Data records =
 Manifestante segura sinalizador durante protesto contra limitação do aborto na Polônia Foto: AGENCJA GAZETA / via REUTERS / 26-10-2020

* * *

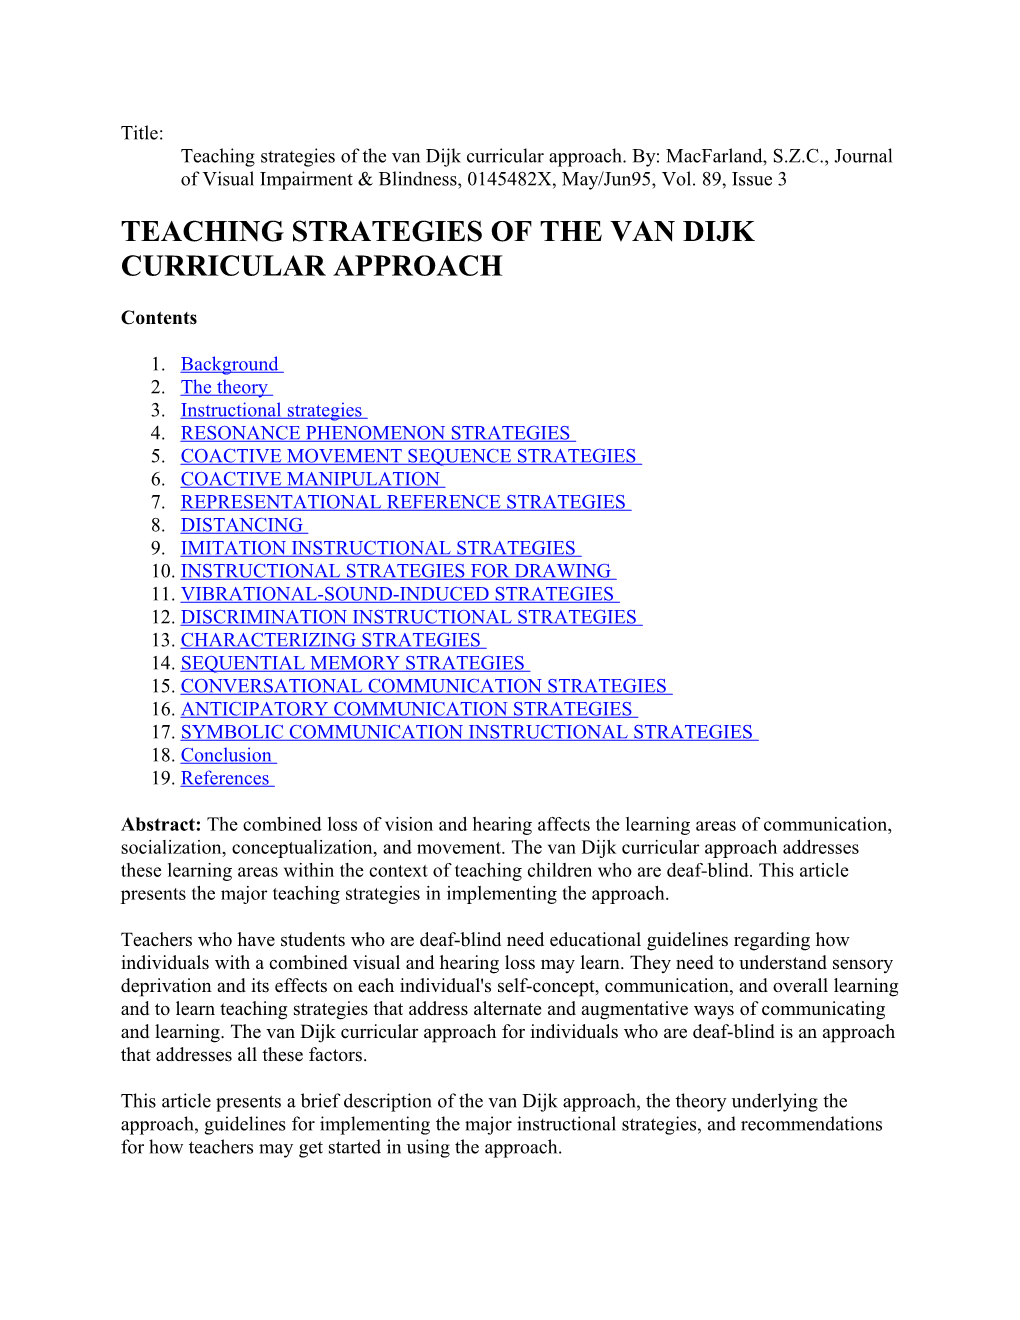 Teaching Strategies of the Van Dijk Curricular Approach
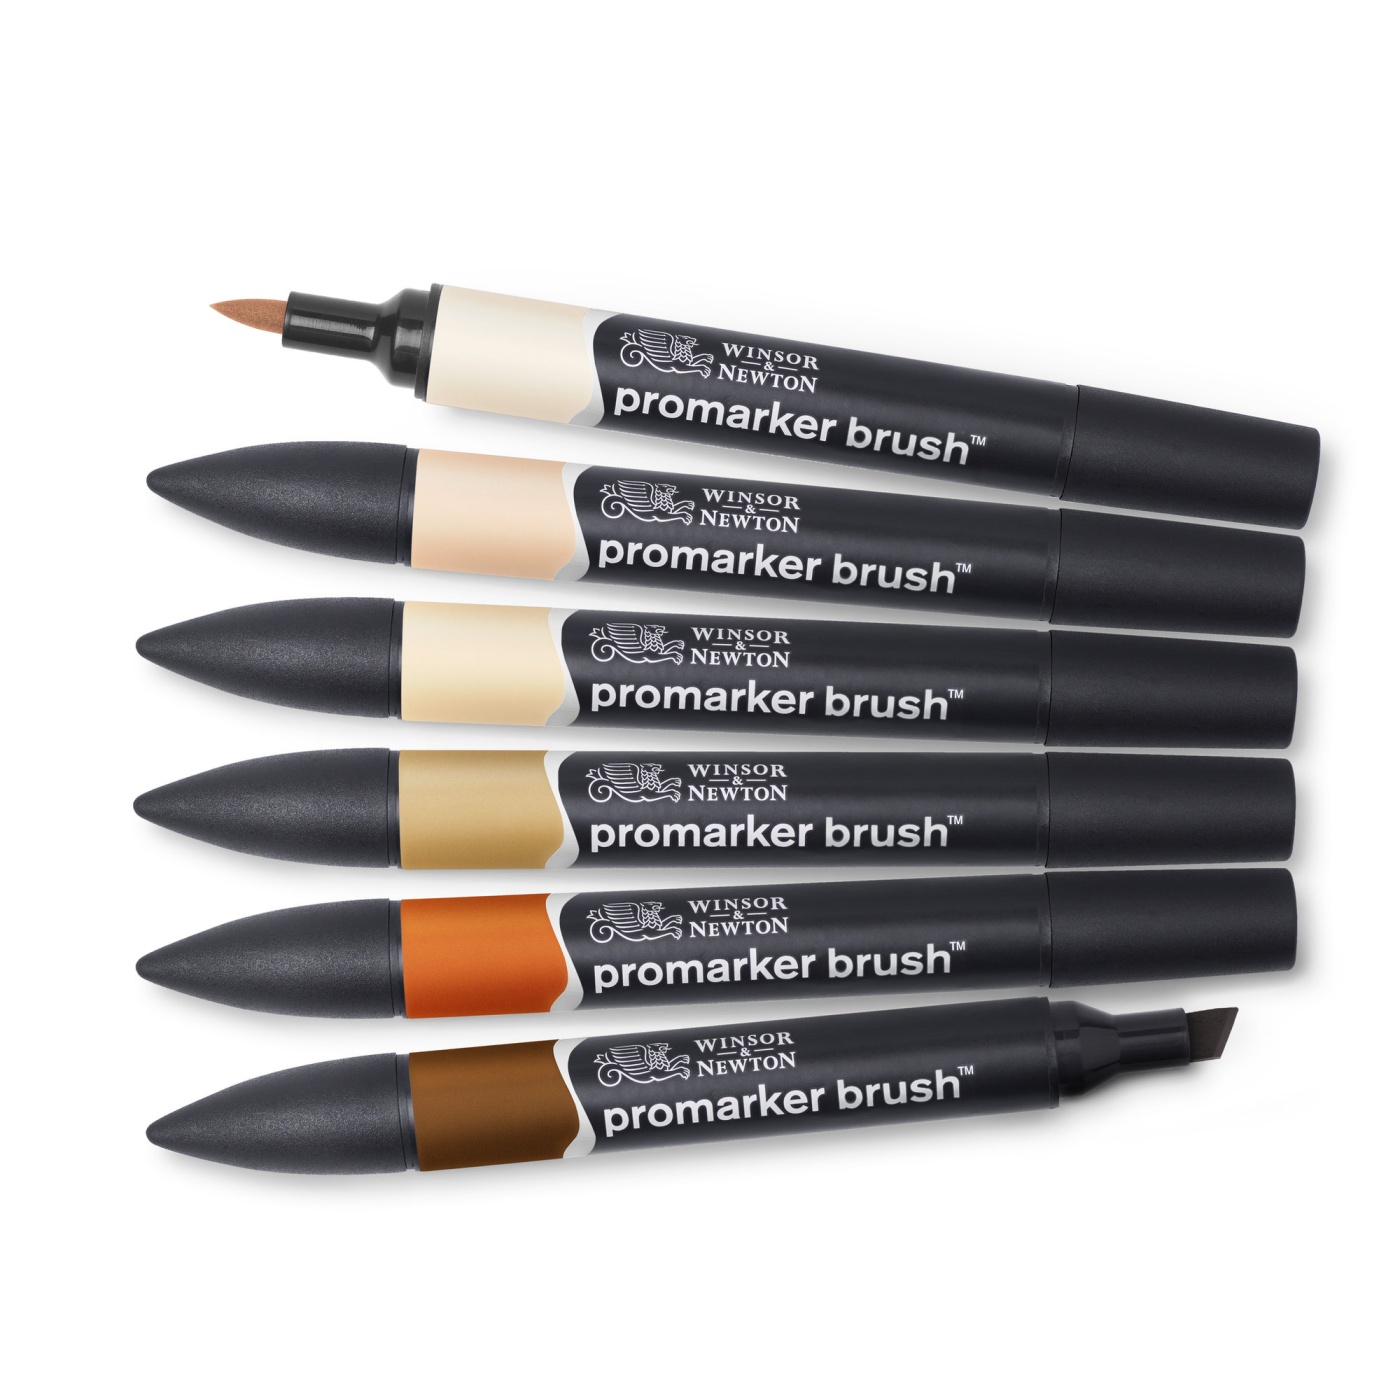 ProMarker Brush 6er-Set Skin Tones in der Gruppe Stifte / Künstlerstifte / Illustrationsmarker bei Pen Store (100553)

Exercise requirements = In the records above, find the line with "Teaching Strategies of" and the line with "ProMarker Brush 6er-Set"; please transcribe exactly those two lines and all lines between them, omitting any picture.

Result of this task =
 Teaching Strategies of the Van Dijk Curricular Approach
 ProMarker Brush 6er-Set Skin Tones in der Gruppe Stifte / Künstlerstifte / Illustrationsmarker bei Pen Store (100553)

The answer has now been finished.